There were 1,338 drug-related deaths in Kenya in 2016, as per a review of drug abuse data by Nation Newsplex. The leading cause of the deaths was Opioid abuse a drug used as a pain reliever.

Inhalants

 This group of substances includes solvents that emit vapors, causing intoxication when breathed in (inhaled). Individuals who abuse inhalants intentionally breathe in the vapors, either directly from a container, from a bag in which such a substance is in, or from a rag soaked with the substance and then placed over the mouth or nose.

Inhalants may lead to chemical and temperature burns, as well as withdrawal symptoms, chronic mental illness, and even sudden death. Long-term damage associated with inhalant users includes brain and nerve damage as well as heart, liver, or kidney failure.

Marijuana/Bhang

Bhang affects the perception of time, distance, and speed. It upsets coordination, causing unsteady hands, a change in gait, uncontrolled laughter, and a lag between thought and facial expressions. Sexual functions are disturbed.

One may suffer illusions and hallucinations, difficulty in recalling events in the immediate past, slowed thinking and narrowed attention span, depersonalization, euphoria, depression, drowsiness, lack of sleep, difficulty in making accurate self-evaluation, a lowering of inhibition, loss of judgment, mental and physical lethargy.

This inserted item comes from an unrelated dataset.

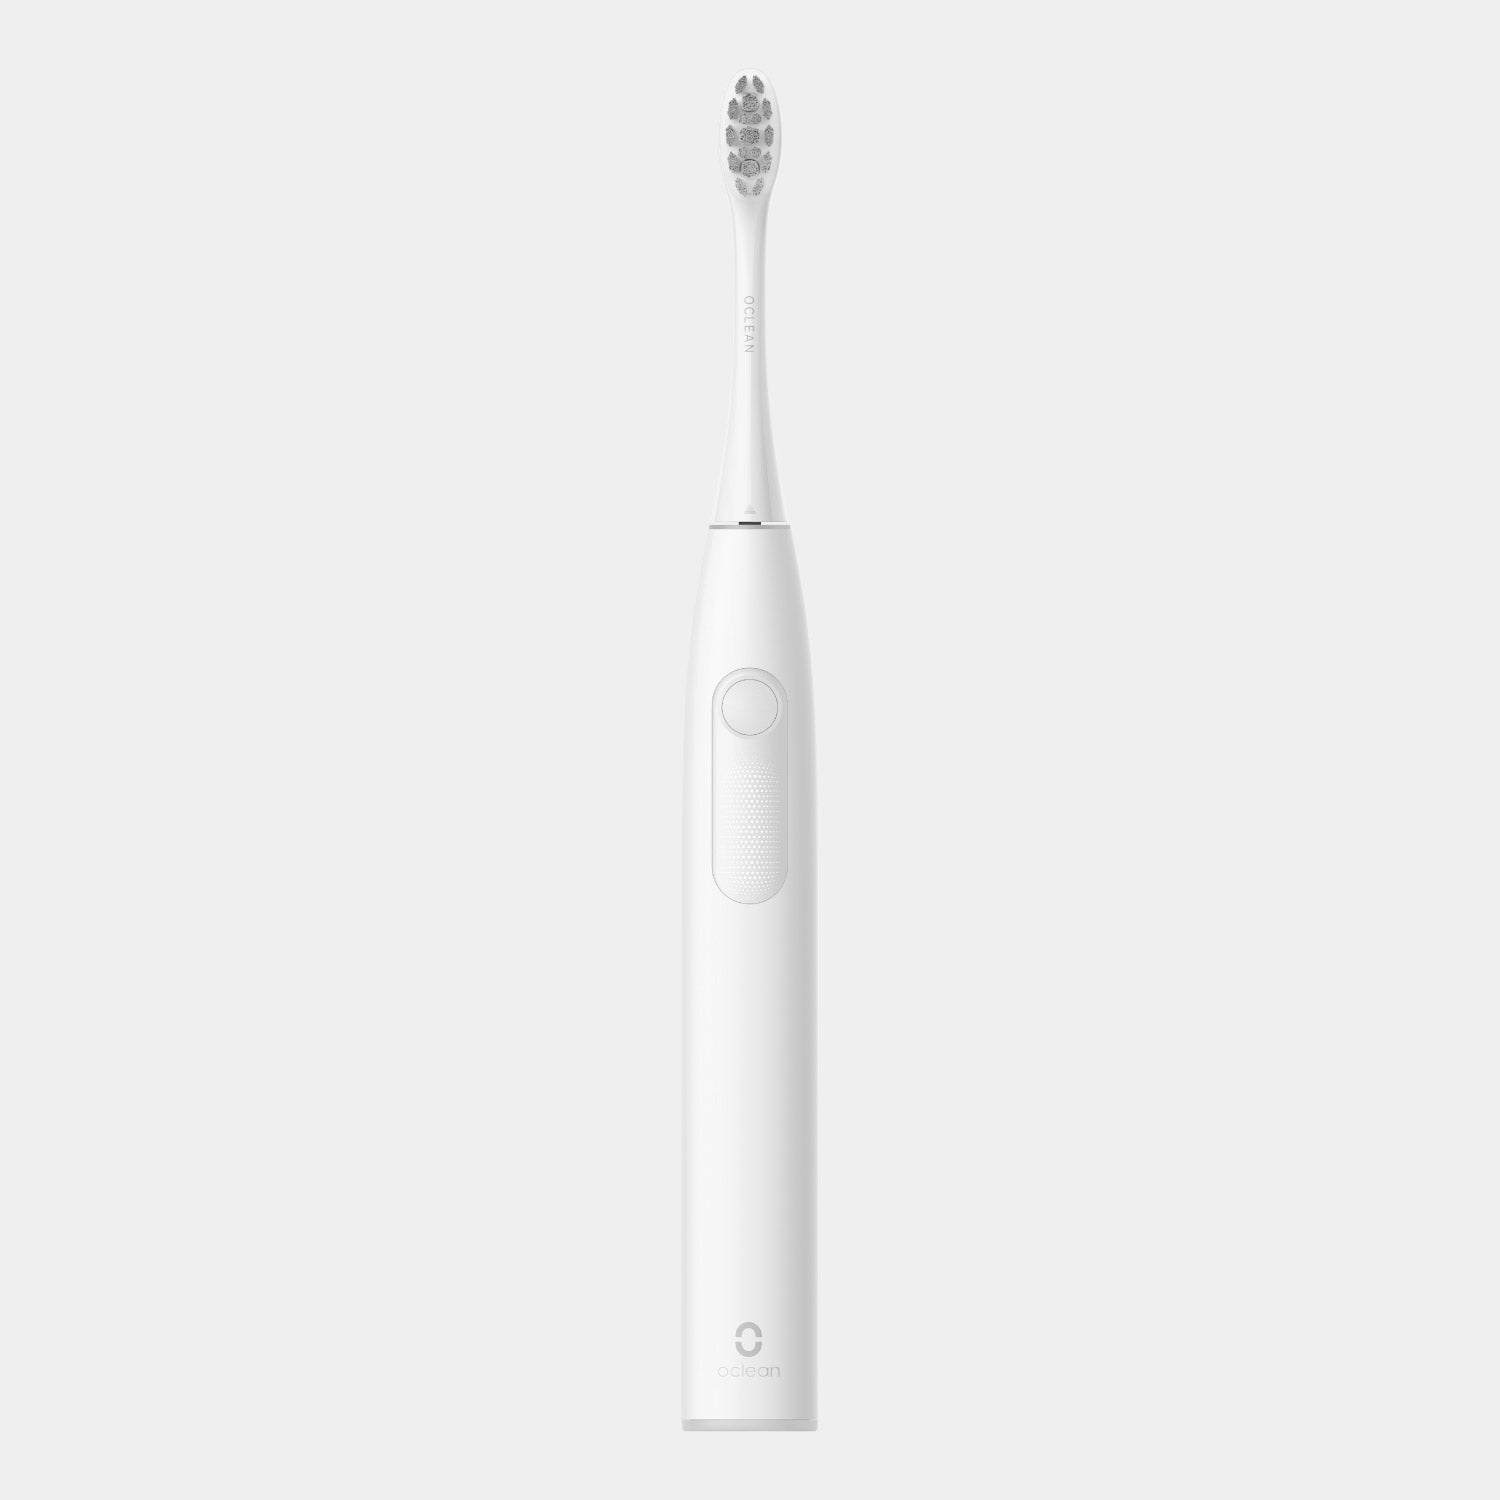 Oclean Z1 Electric Toothbrush-Toothbrushes-Oclean Global Store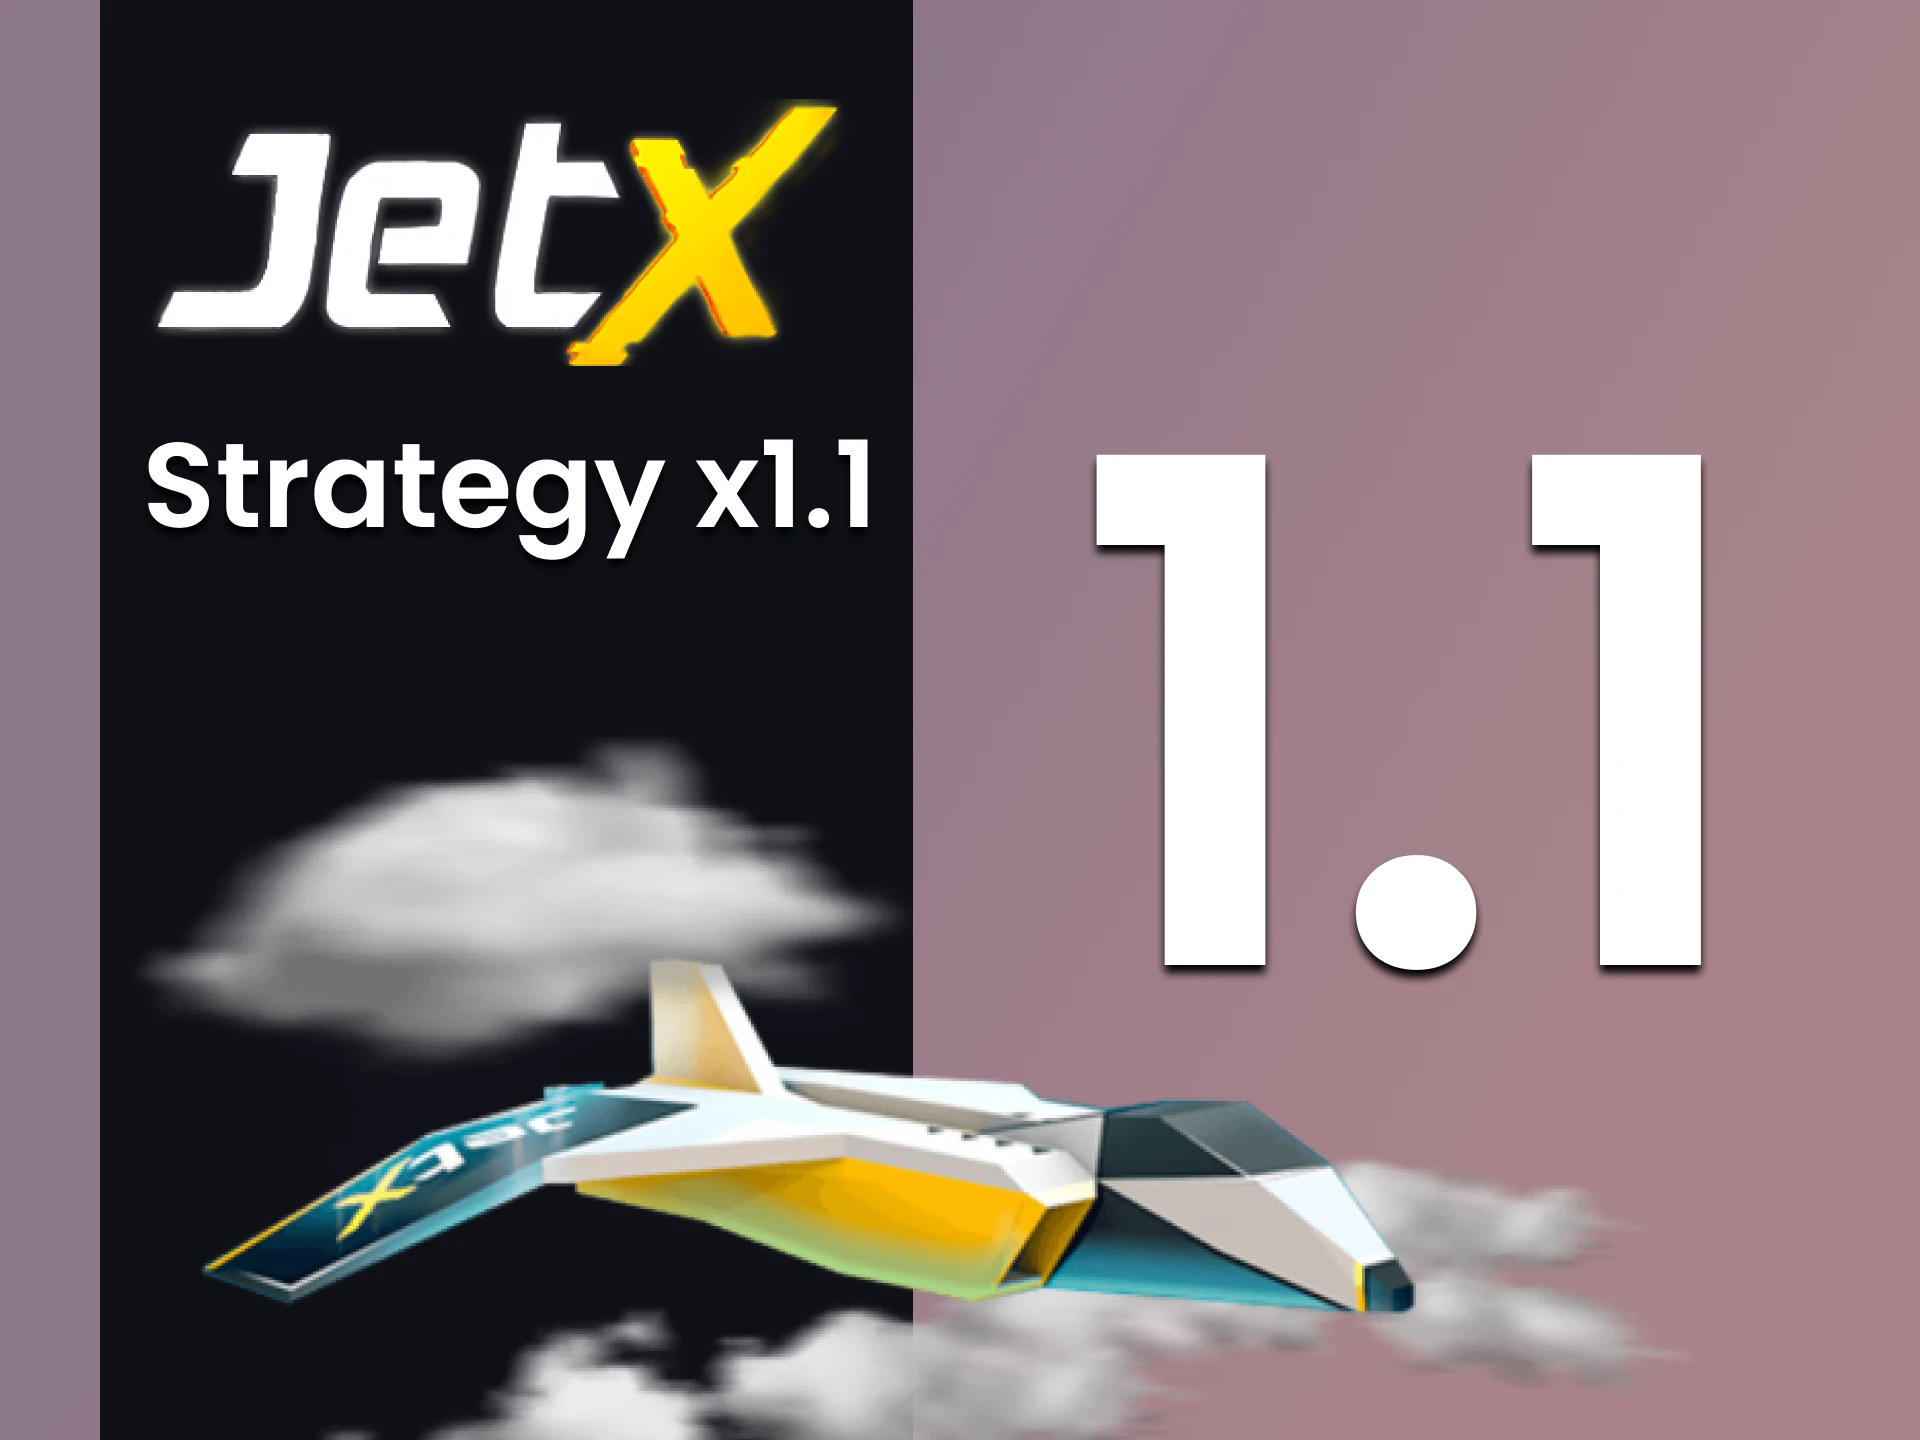 Use strategy 1.1 to win at JetX.

The following are most often substances are abused in Kenya.

  • Alcohol
  • Marijuana
  • Tobacco
  • Prescription drugs 
  • Hallucinogens
  • Cocaine
  • Inhalants

Substance use disorders can lead to multiple behavioral problems, both in the short- and long-term. These effects of drug abuse have serious consequences, like missed work, punishable offenses, accidents, and injuries. Drug abuse may lead one to commit offenses like domestic violence, driving while intoxicated and offenses related to damaged property.

Abusing drugs poses huge risks for pregnant women and unborn babies. Drugs may contain impurities that can be harmful to an unborn baby. Drug use can lead to premature birth or low birth weight.

The most severe health consequences of drug abuse is death.